The story is the same for Robert Thomson, CEO of Newscorp. It is without question that this man is smarter and significantly more successful than I’ll ever be. But he sold a $16 Billion company for $250 million, spread over 5 years to guess who? Open AI. And there is no way that Open AI intends to renew that agreement. It makes me wonder if Mr. Thomson understands the power of ChatGPT or if he’s just trying to improve Newscorp’s financials for the next quarter, knowing that he’ll be enjoying his retirement on a tropical paradise when Newscorp files for Chapter 11, victimized by shrunken revenues and no longer able to afford to maintain the staff to produce the content for its publications. I find it hard to believe that he doesn’t know that ChatGPT’s LLM will be learning everything it needs to about the financial markets from the archives of Newscorp’s flagship publication, The Wall Street Journal. Soon, OpenAI will be hiring eyes and ears to report on Wall Street, and presto, ChatGPT will be covering Wall Street with indepth reporting equal to or better than the best journalists at the Journal.
Newscorp’s decision is even more surprising, because Rupert Murdoch was one of the very few publishing moguls who never bought into the idea of putting his content on the internet in exchange for the promise of advertising dollars. The Wall Street Journal content remained behind a pay wall. When advertising dollars never materialized and other major newspapers were desperately attempting to put the jeanie back in the bottle, the Wall Street Journal never missed a beat. Best estimates are the Wall Street Journal’s annual revenues exceed $2 Billion. But they risked it all it all for $50 Million per year over 5 years. If Fred Sanford could talk to Thomson, he’d simply say, “You Big Dummy.”
But Wait…There’s More
So, I’m opinionated, certain of my conclusions, and not afraid to state them publicly. I thought I had exhausted the subject, and had nothing left to say about how AI is impacting publishers. Then I received a call from half way around the world that caught me unprepared. It seems there is a category of publishing that I completely overlooked that may feel the impact of AI more than any other type of publisher. A book publisher wanted my opinion, and I’m embarrassed to say, I had nothing for her.
In the beginning…
Let’s get back to where the problem originated.

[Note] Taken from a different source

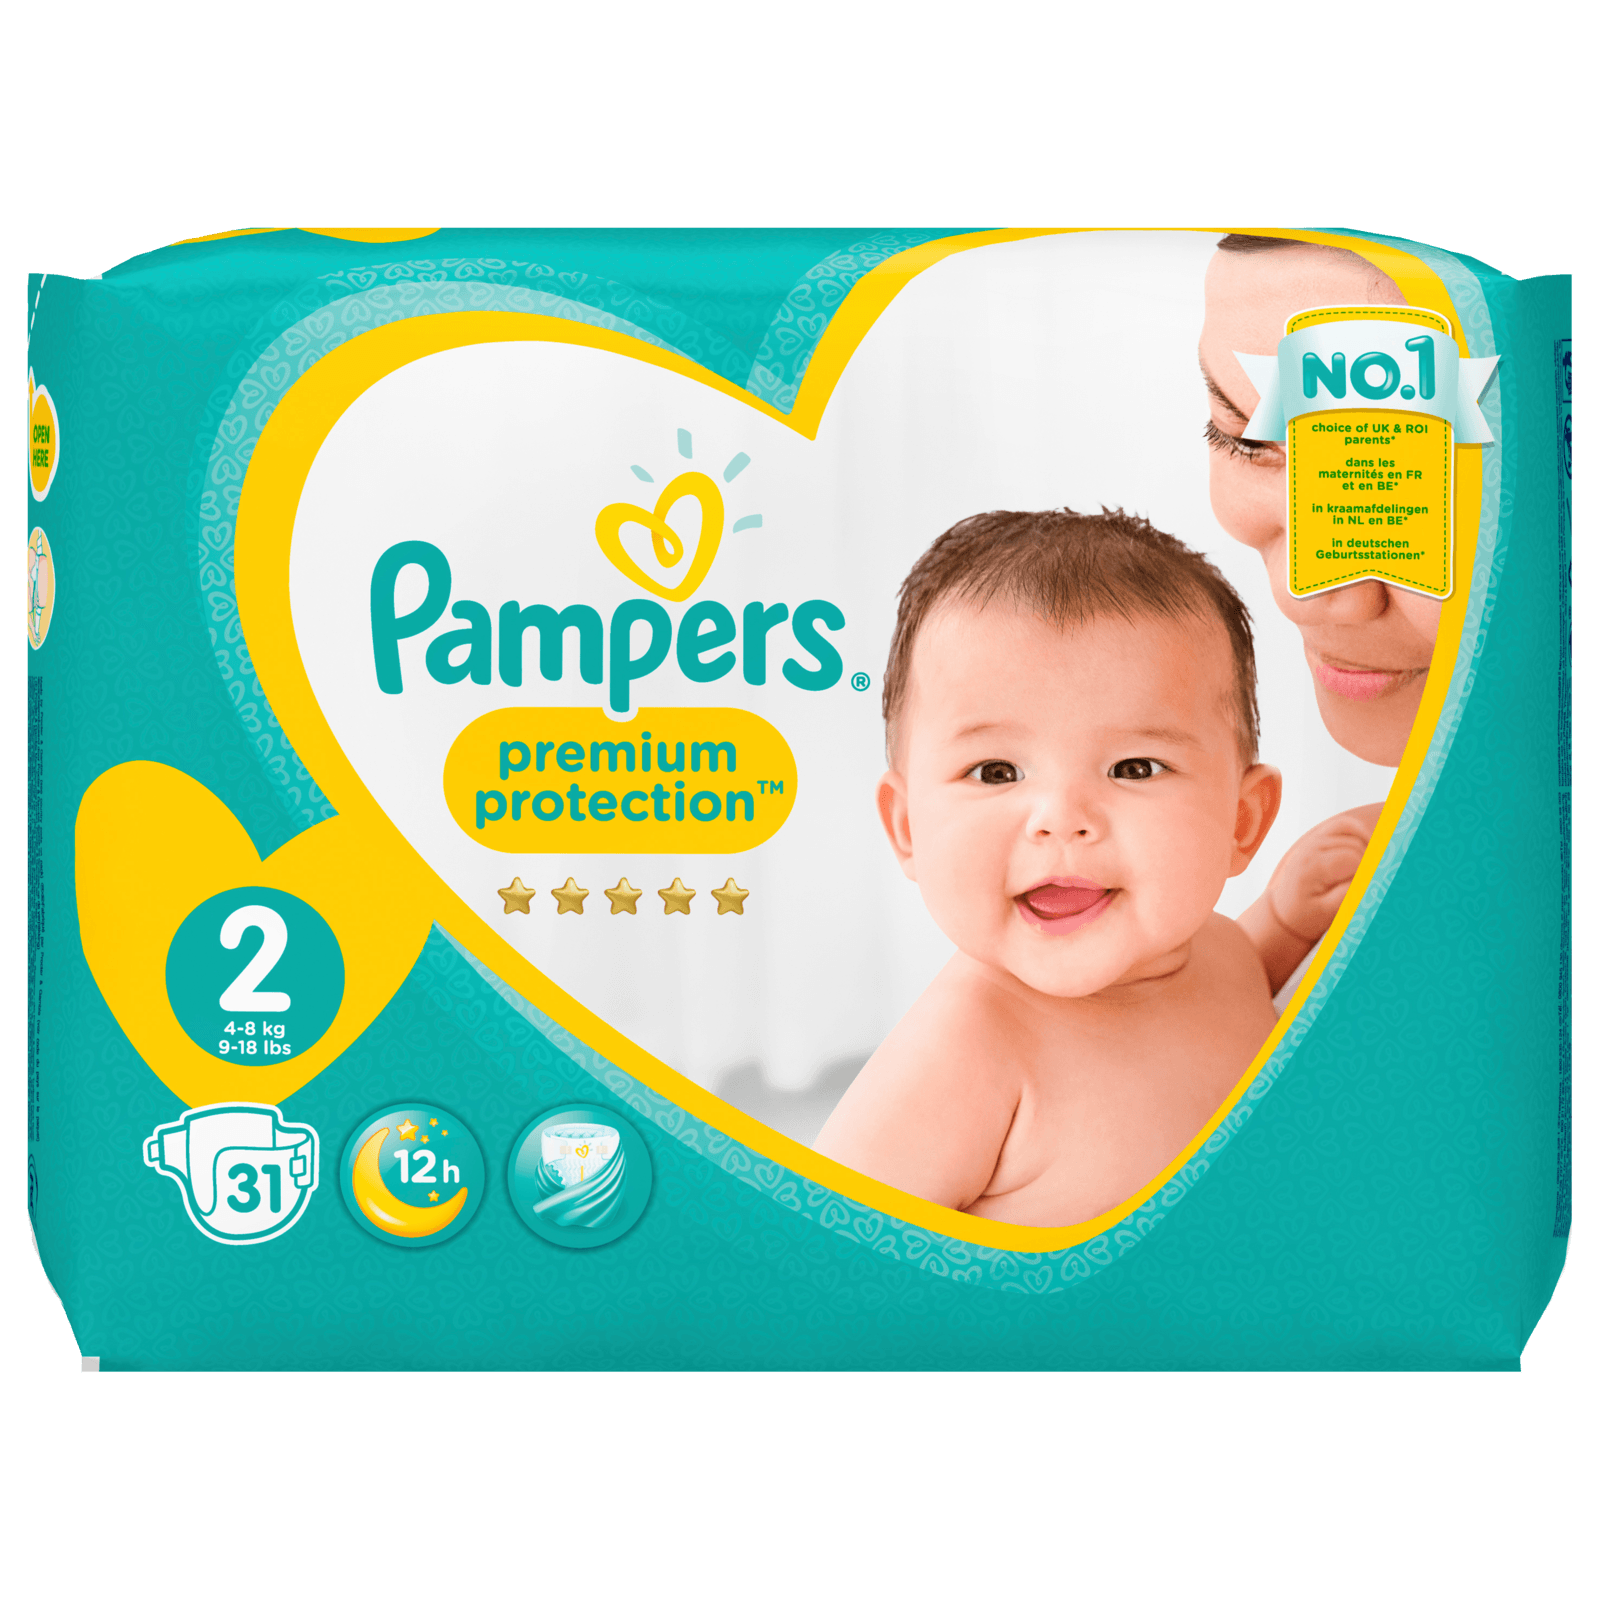 PAMPERS ANGEBOTE HAMBURG
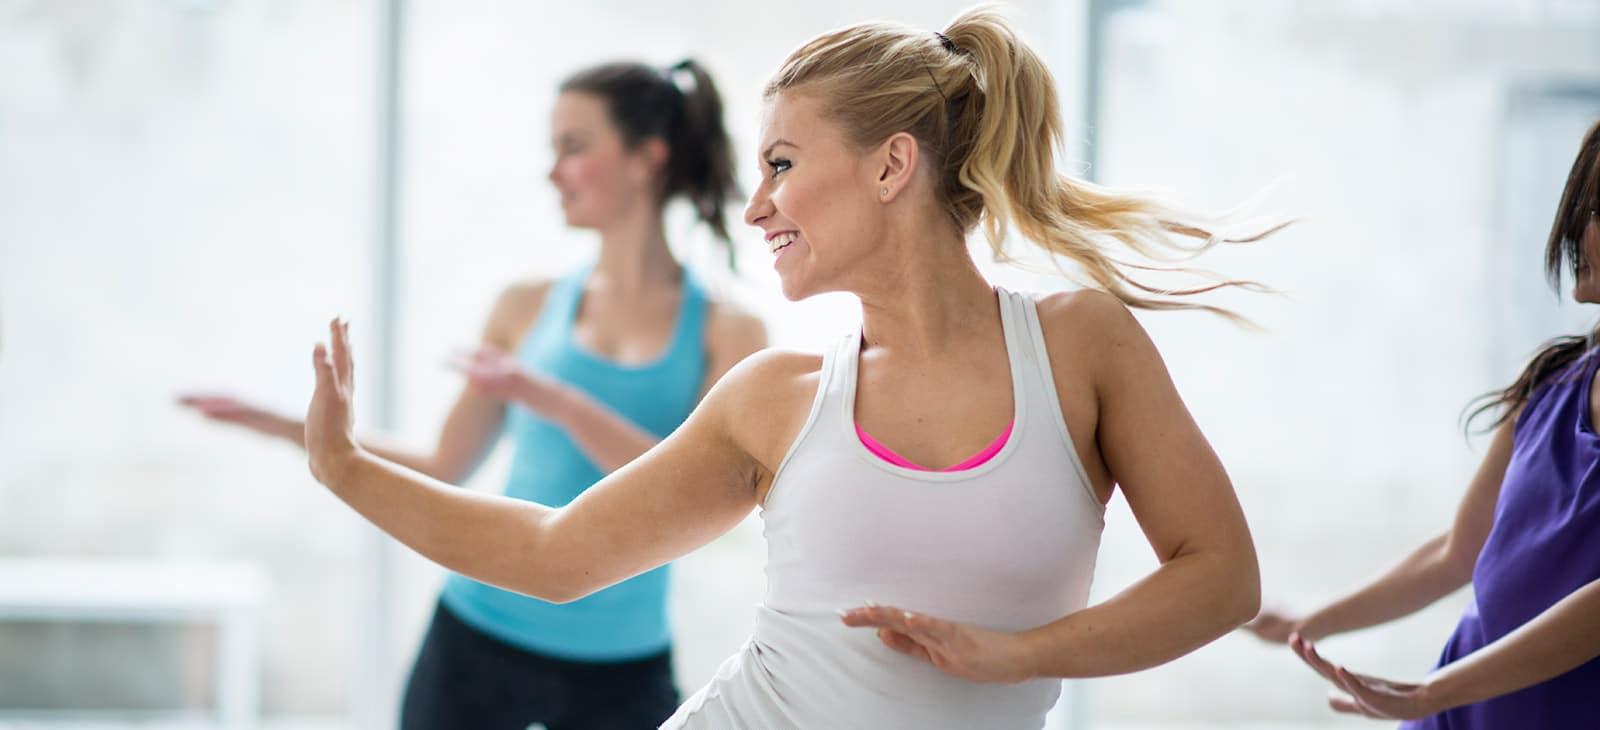 Zumba tanzen, lachen unter Frauen

In its manifesto, Google proclaimed that it would organize the world’s information, part of which was the “Google Books Project”, launched in 2004. The goal was to digitize books from libraries around the world and make them searchable online, including the libraries at Harvard, University of Michigan, Stanford and Oxford.
The project was announced at a time when Google was issuing weekly press releases of new projects, in lieu of a traditional ad campaign. Most of the projects never got started, let alone completed. But I must say that the strategy worked. Google was always in the news. At the time, I said Google will not be remembered as a great technology company, but a great marketing company. Be that as it may, I was convinced that the Book Project was just another attention grabbing media strategy. As most of you know, I was dead wrong.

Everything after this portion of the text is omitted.